_EXERCISE DESCRIPTION_
Your response is a verbatim copy of the listing, stripped of its images.

_DATA EXTRACT_
########
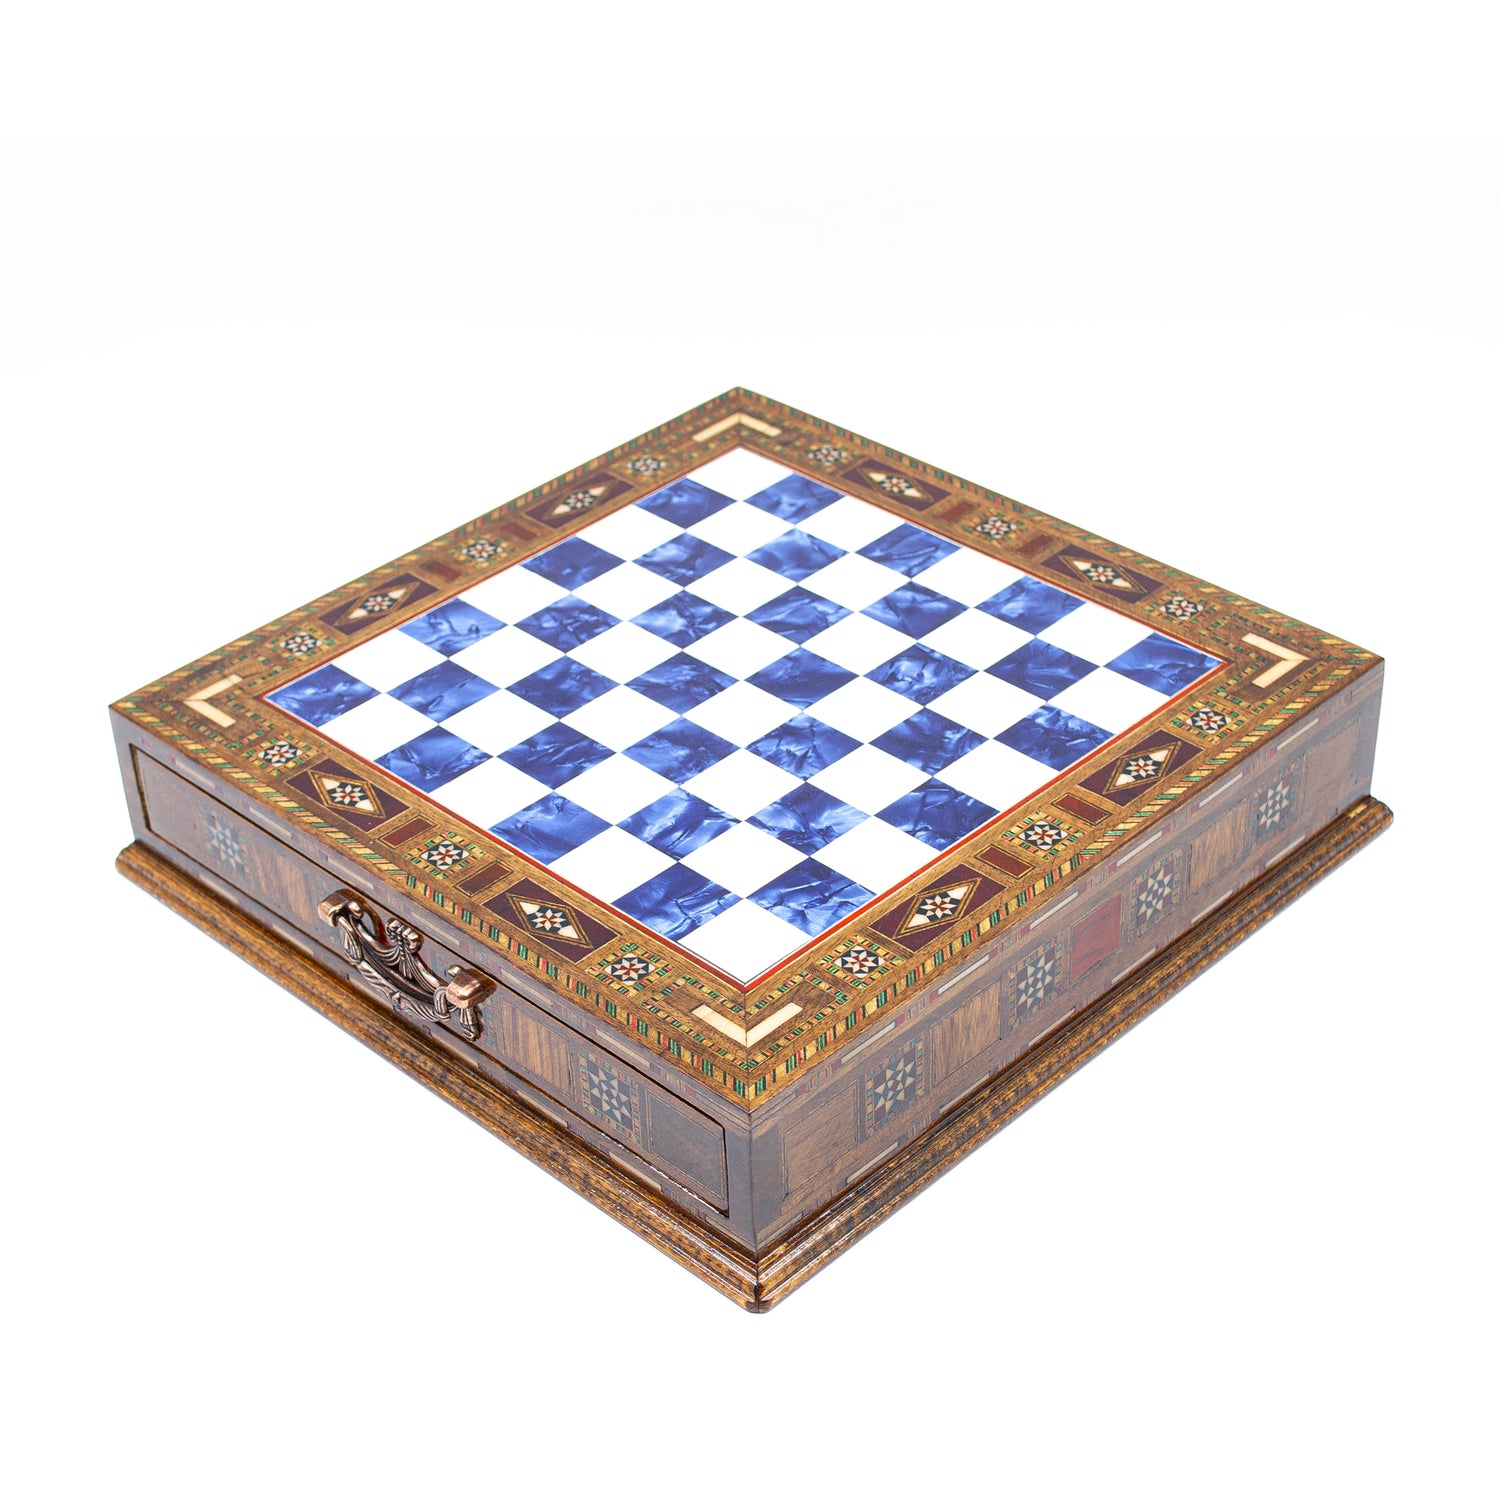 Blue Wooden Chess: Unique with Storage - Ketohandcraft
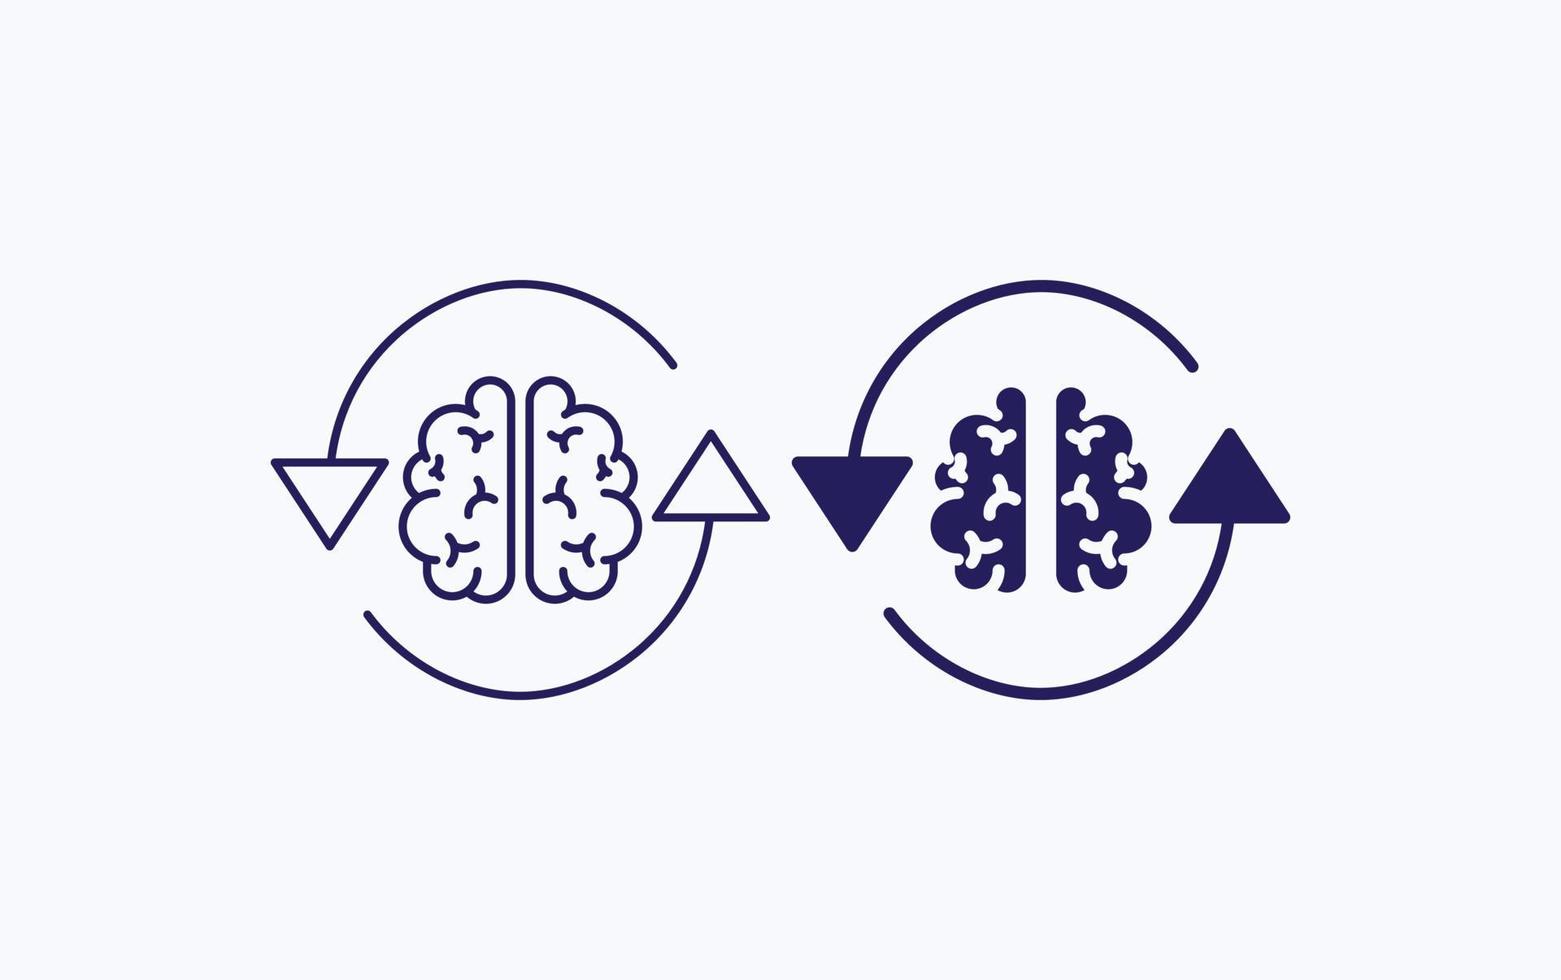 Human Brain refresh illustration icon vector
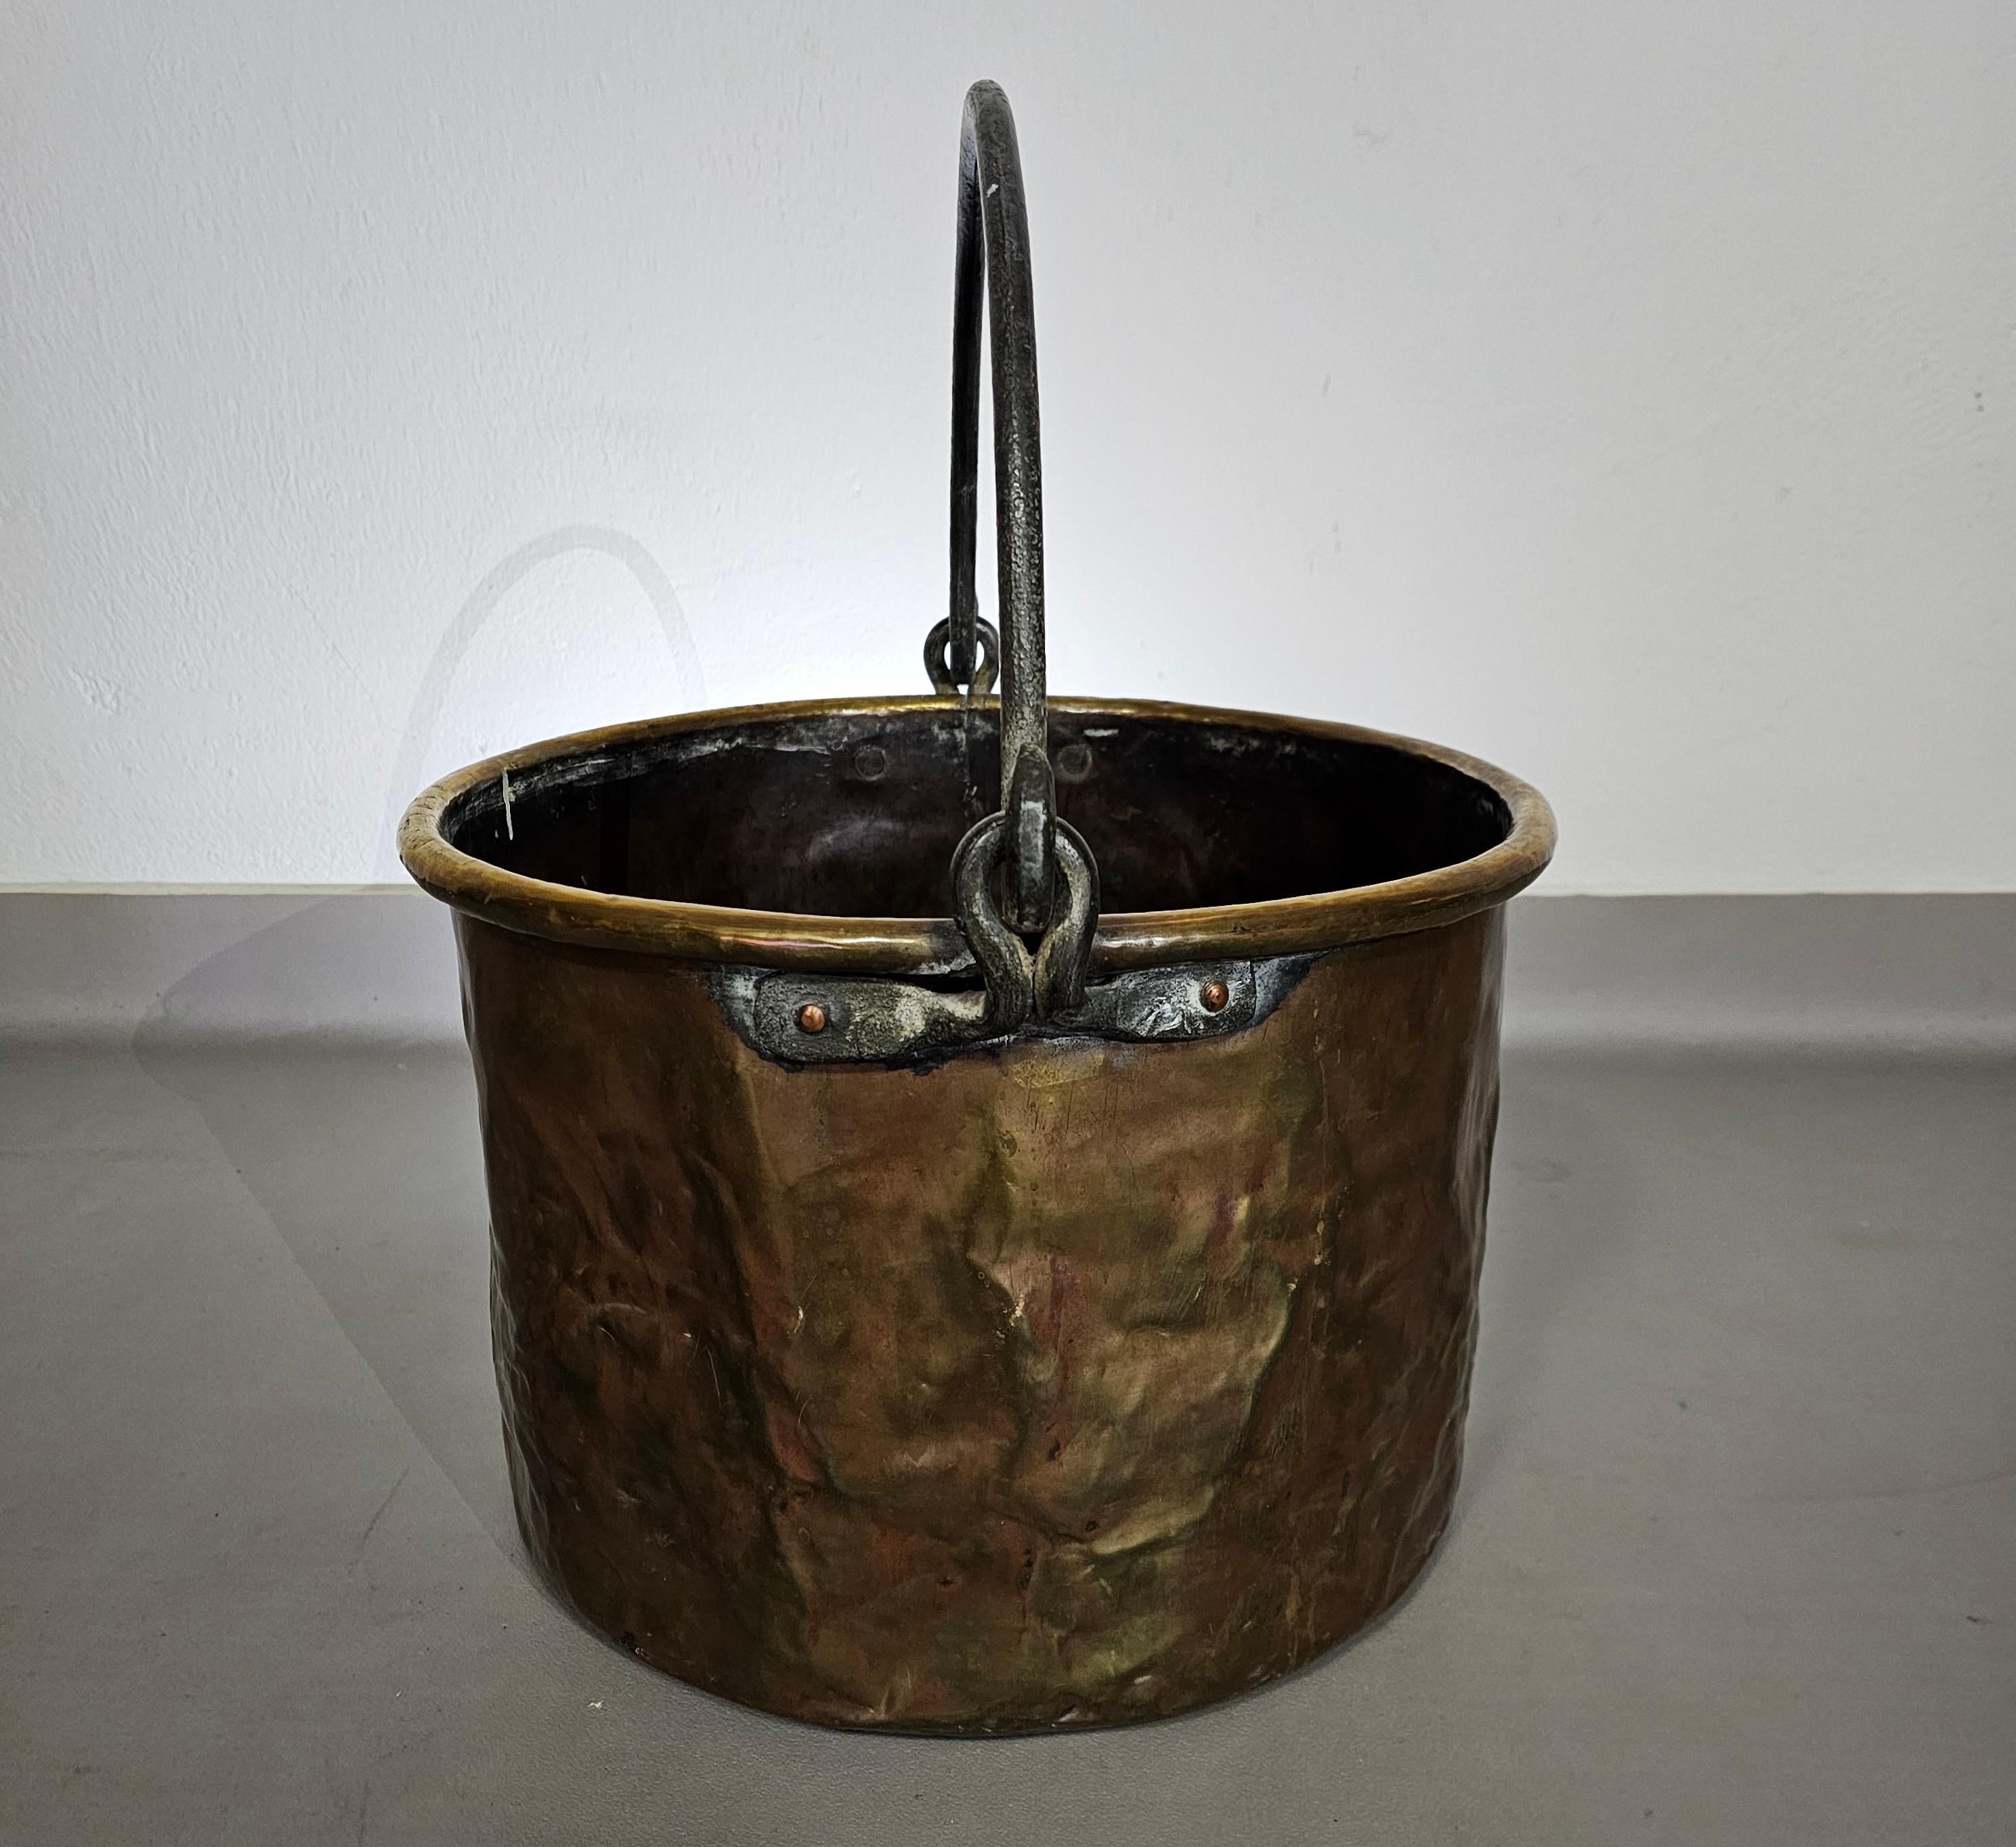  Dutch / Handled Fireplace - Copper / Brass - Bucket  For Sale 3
########
_SOLUTION_
 Blue Wooden Chess: Unique with Storage - Ketohandcraft
 Human Brain refresh illustration icon vector
  Dutch / Handled Fireplace - Copper / Brass - Bucket  For Sale 3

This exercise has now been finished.